__ACTIVITY__: The entries that follow include a run beginning at the line with "Bike aisle at Toys R Us" and ending at the line with "Le miroir lui-même mesure 19 H x 15 W."; restate that run word for word and leave the rest out.

__RAW DATA__:
■ ■ ■ ■ ■ ■ ■
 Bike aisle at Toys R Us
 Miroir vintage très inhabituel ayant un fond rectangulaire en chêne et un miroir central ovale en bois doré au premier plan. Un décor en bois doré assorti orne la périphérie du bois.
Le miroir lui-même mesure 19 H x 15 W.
■ ■ ■ ■ ■ ■ ■
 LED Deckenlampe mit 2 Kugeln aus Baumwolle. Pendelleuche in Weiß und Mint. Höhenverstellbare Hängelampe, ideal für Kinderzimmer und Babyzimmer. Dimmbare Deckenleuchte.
■ ■ ■ ■ ■ ■ ■
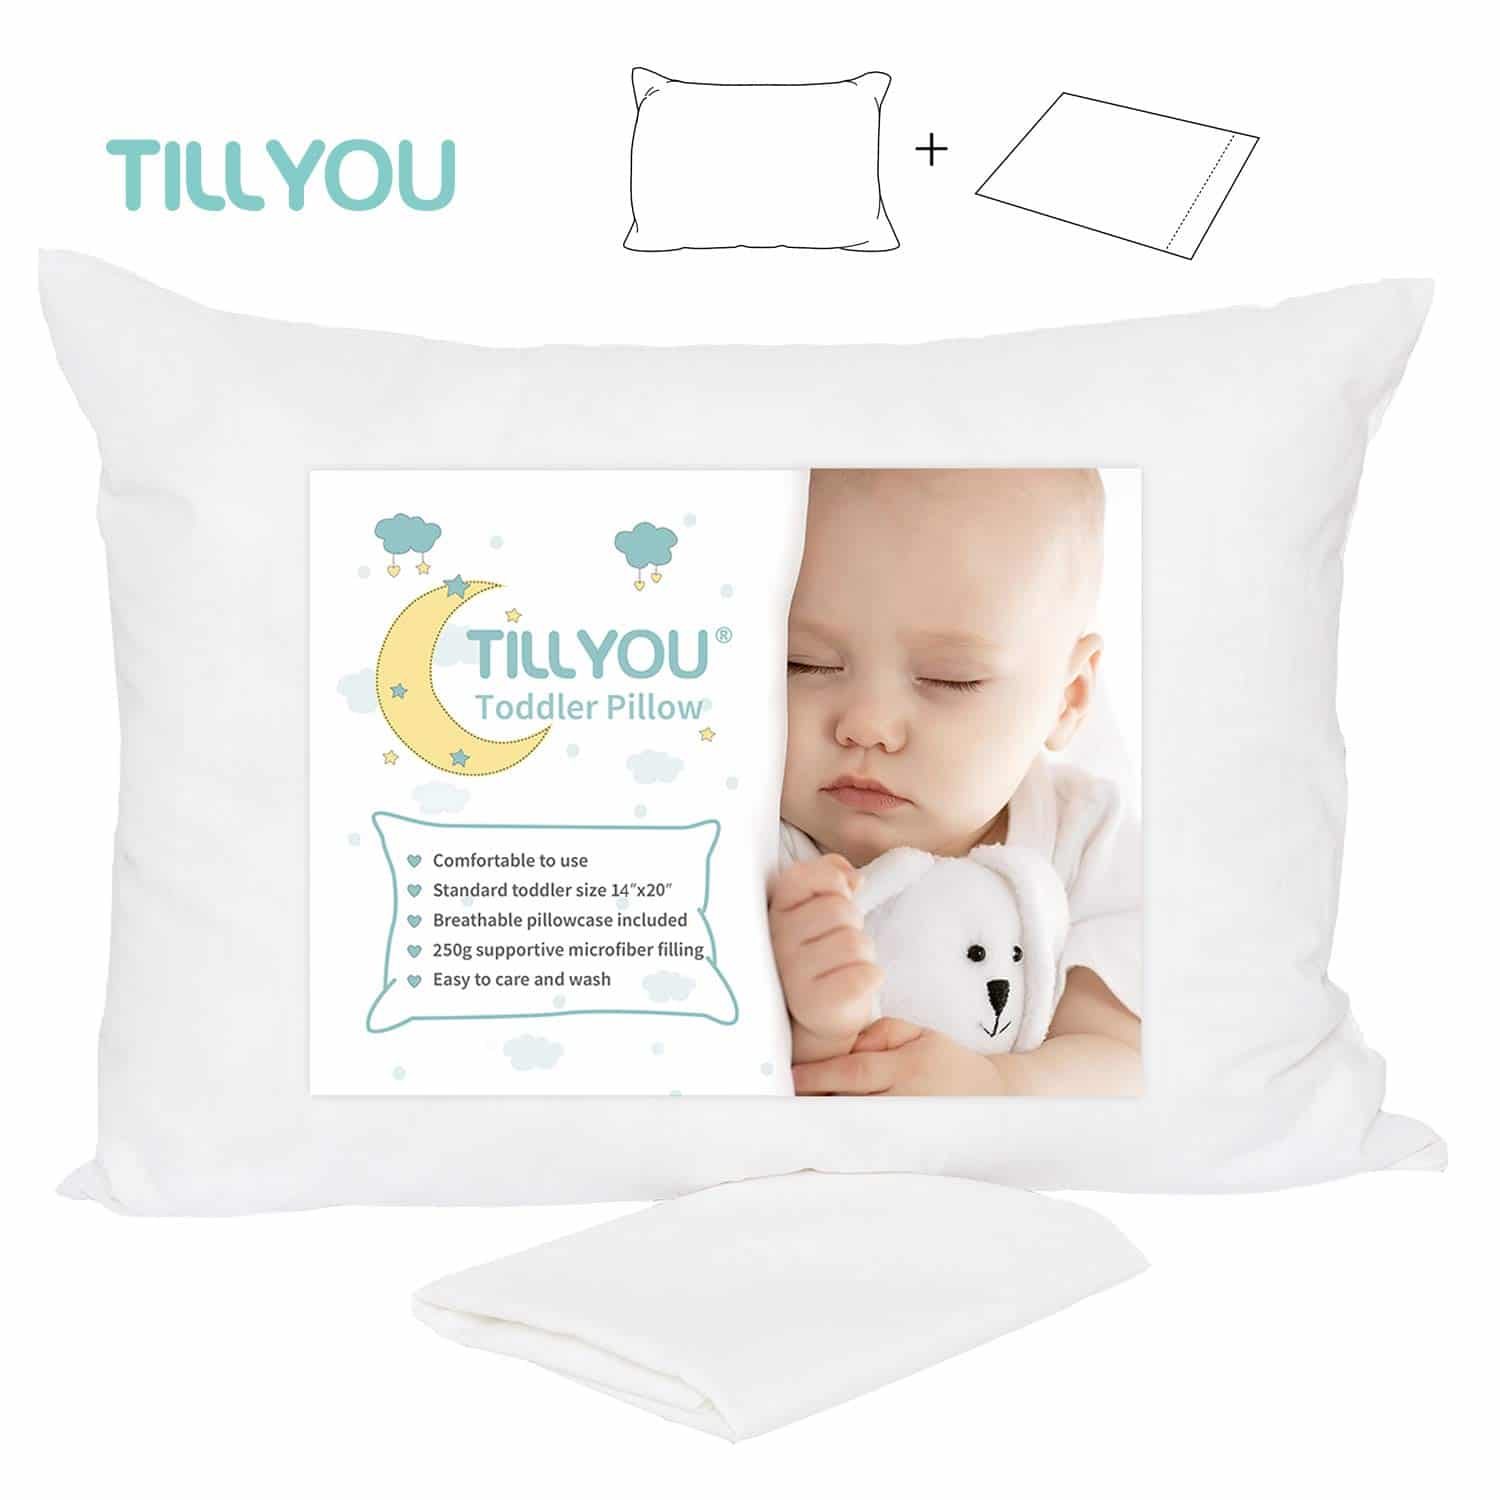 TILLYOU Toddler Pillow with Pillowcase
■ ■ ■ ■ ■ ■ ■
__RESPONSE TO THE EXERCISE__:
 Bike aisle at Toys R Us
 Miroir vintage très inhabituel ayant un fond rectangulaire en chêne et un miroir central ovale en bois doré au premier plan. Un décor en bois doré assorti orne la périphérie du bois.
Le miroir lui-même mesure 19 H x 15 W.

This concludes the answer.